The Talent Mismatch: skills versus demand 
As the nature of manufacturing work evolves to use more technology and rely less on unskilled or semi-skilled workers, there is a mismatch between the talent available and the talent needed by employers.  

This is by no means restricted to manufacturers: our Talent Shortage Survey has found that around 1 in 2 Australian employers can't find the skills they need, with engineering, sales and skilled trades among the most acute shortages.

However, given the manufacturing sector's traditional need for less-skilled labour, the structural changes occurring at the moment make this trend even more pronounced. These trends impact both employers and job-seekers, who must navigate a changing job market.  
 
Employers: investment in skills must be a priority  
The key to creating a robust talent pool is to develop training strategies that build on the talent an organisation already has, and builds the skills it needs for the future. 


Innovation and creative thinking can help to make this investment in training more cost-effective.

For example, ManpowerGroup has developed customised training programs that tap into programs and funding available through government and education institutions.

Over the last two years we've managed more than 250 traineeships through the Vocational Education and Training Solutions program, providing employees with qualifications from Diplomas in Frontline Management, to Certificate III and IV in Information Technology and in Warehouse and Logistics.  

This partnership approach can resolve client issues around skills shortages, while providing nationally-accredited qualifications and skills growth for the individuals involved.

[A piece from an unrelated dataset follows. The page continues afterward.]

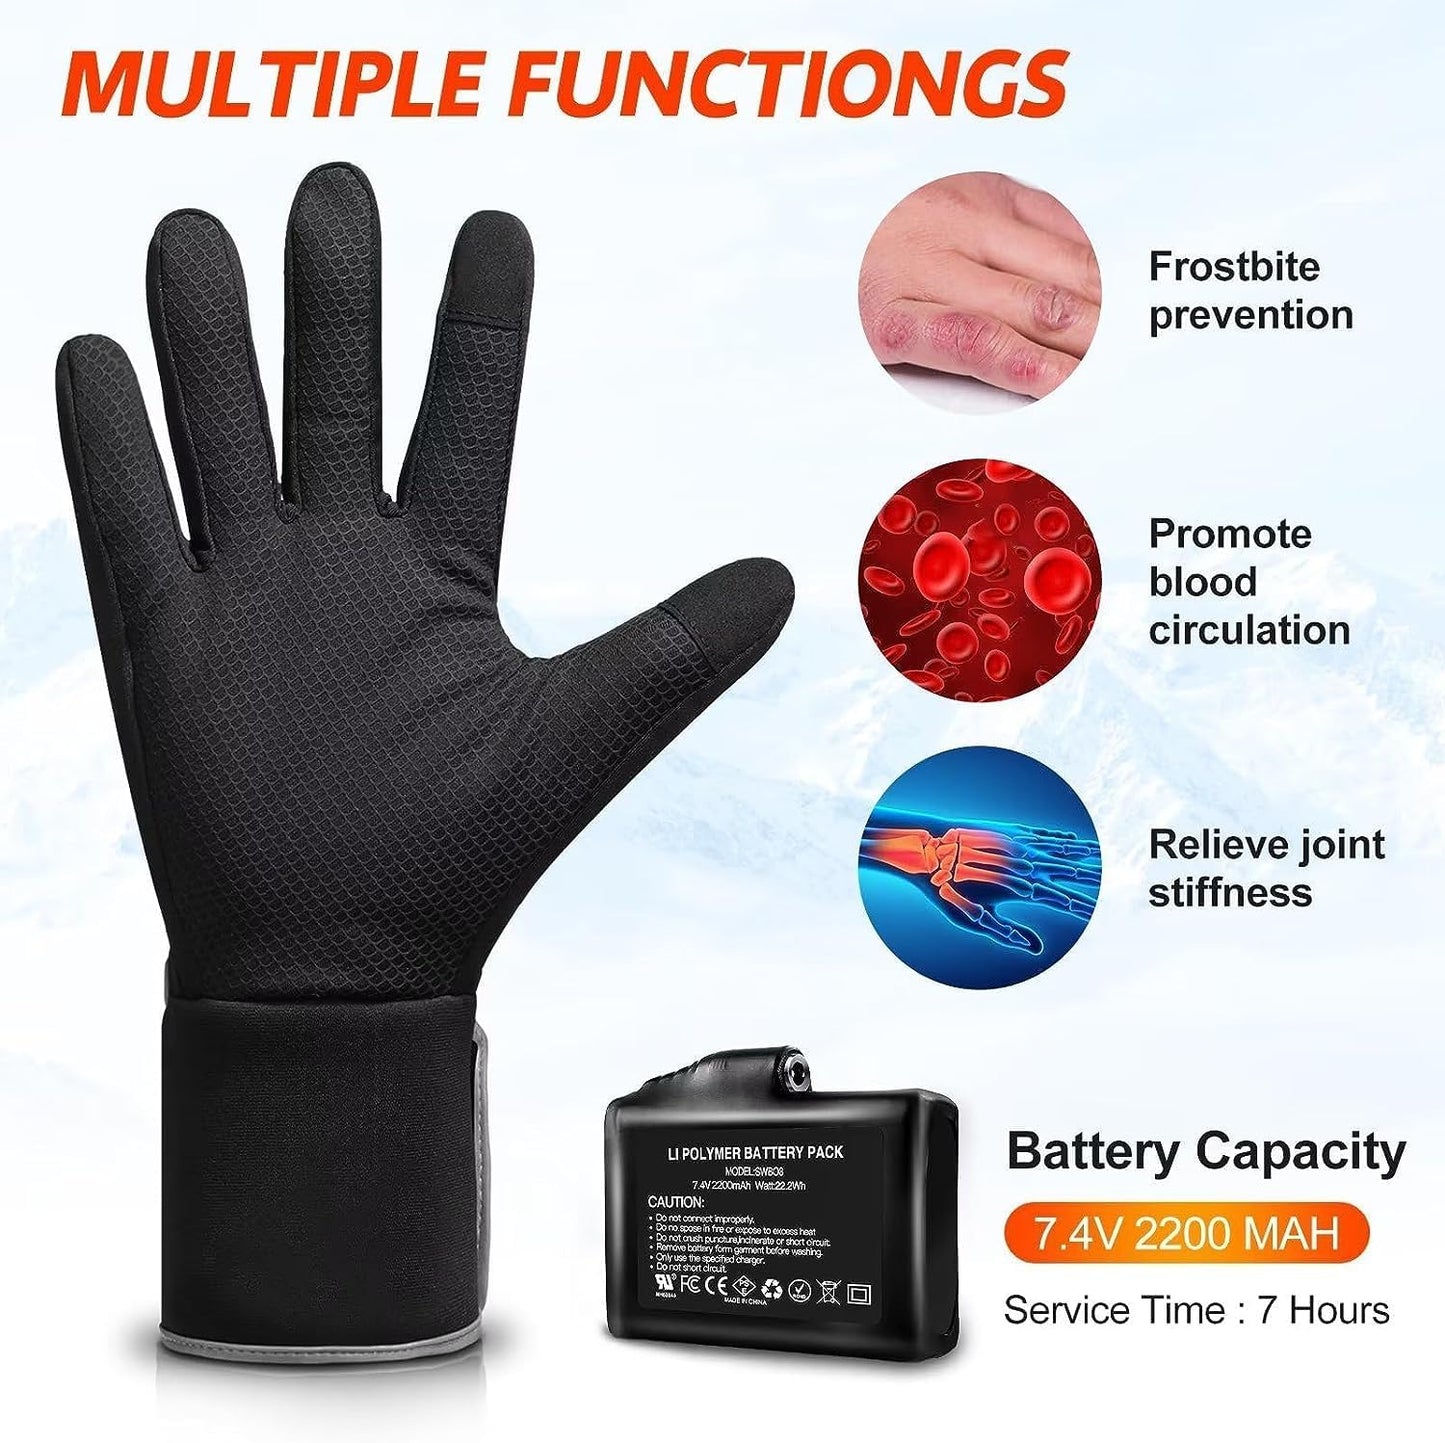 Heated Gloves Rechargeable Electric Battery - Breathable Heated Gloves Liners for Men Women,Winter Heated Thin Gloves Touchscreen Riding Skiing Snowboarding Hiking Cycling Hunting Hand Warmer
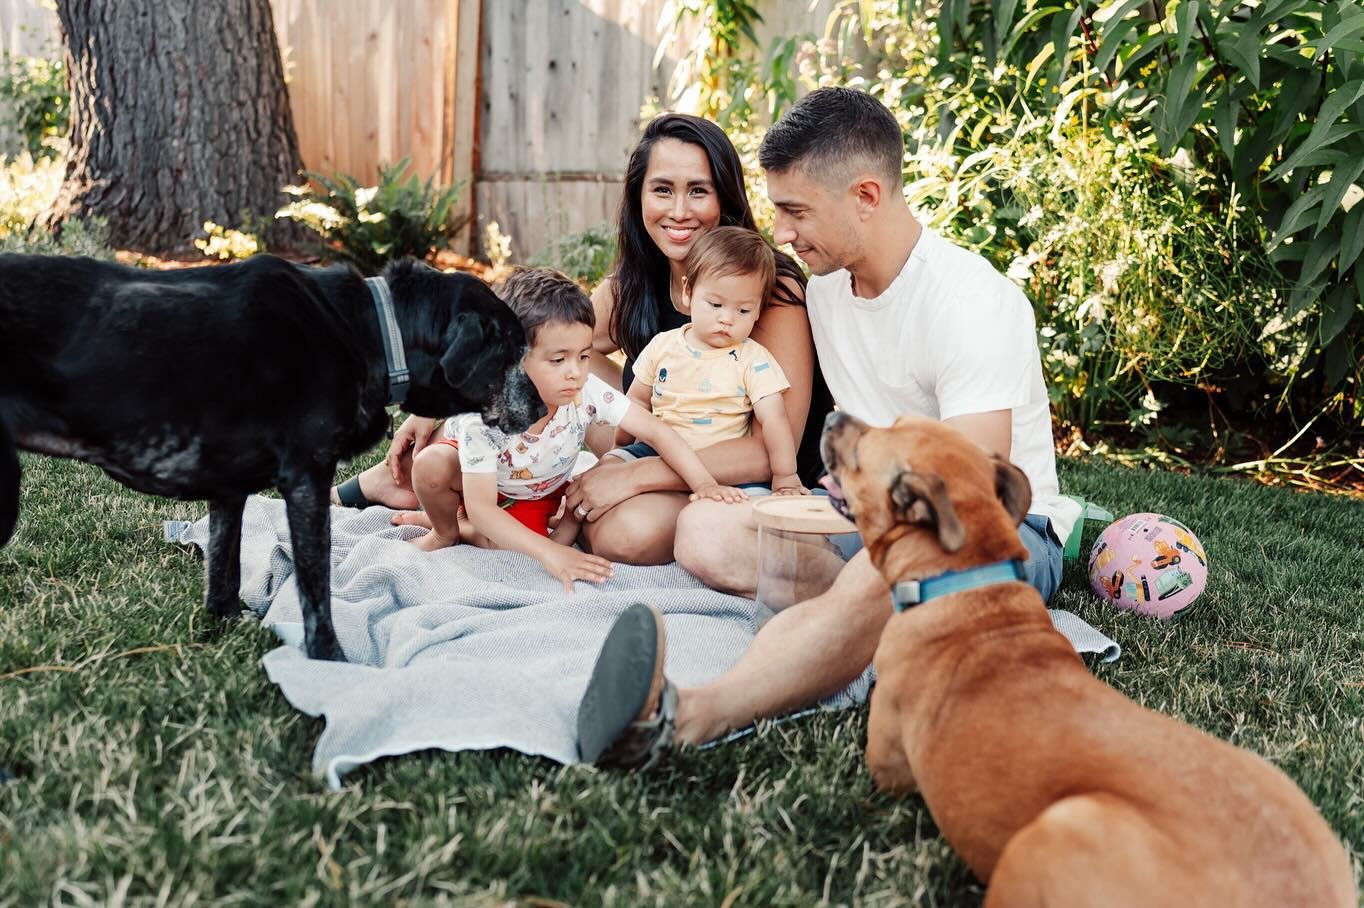 And I repeat: all you need for wonderful family photos is to show up. Go out in the yard and play with your pups. Let your kids feed them too many treats. Drink a glass of wine and pick some blueberries. Wear something nice, sure, but no need for fan

Moreover, organisations that undertake these programs see reduced turnover, increased morale and improved productivity. 
 
Jobseekers: skills and flexibility needed 
For job seekers in the manufacturing sector, flexibility is critical.

In a constantly changing industry, individuals need to continue updating their skills, whether it's through external education or on-the-job programs.

The growth of online courses and government-funded training places means that education is more accessible than ever; the key is to find out which skills are in demand and focus your efforts in that direction.   

When it comes to the job search process, it is increasingly important to develop an online presence.

Being active on professional networking sites such as LinkedIn will make you visible to recruiters, HR professionals, and people that might refer you to job openings.

There are various LinkedIn groups for manufacturing professionals that promote job openings, and also provide industry news and issues for discussion. 
Another option is to look at temporary roles, especially if you're looking at moving into a different area within the industry.

Taking a contract role can be a good way to get a foot in the door. 

Ultimately, the economy is undergoing significant change, so job seekers need to focus on the areas that are growing and be willing to adapt. That may mean moving locations, retraining or updating your skills. The key is to go where the work is and develop the skills that are in demand.  
 
So what's next? 
While employment in the manufacturing sector is under pressure, that doesn't mean there are no opportunities available.

There are still Australian businesses who believe that producing products locally is better suited to their customers, and these companies will continue to drive employment.  

For employers, it is important not to lose sight of your long-term workforce strategy. Investing in people needs to be an ongoing focus for management and leaders if they are to find the talent needed for today and tomorrow's manufacturing sector.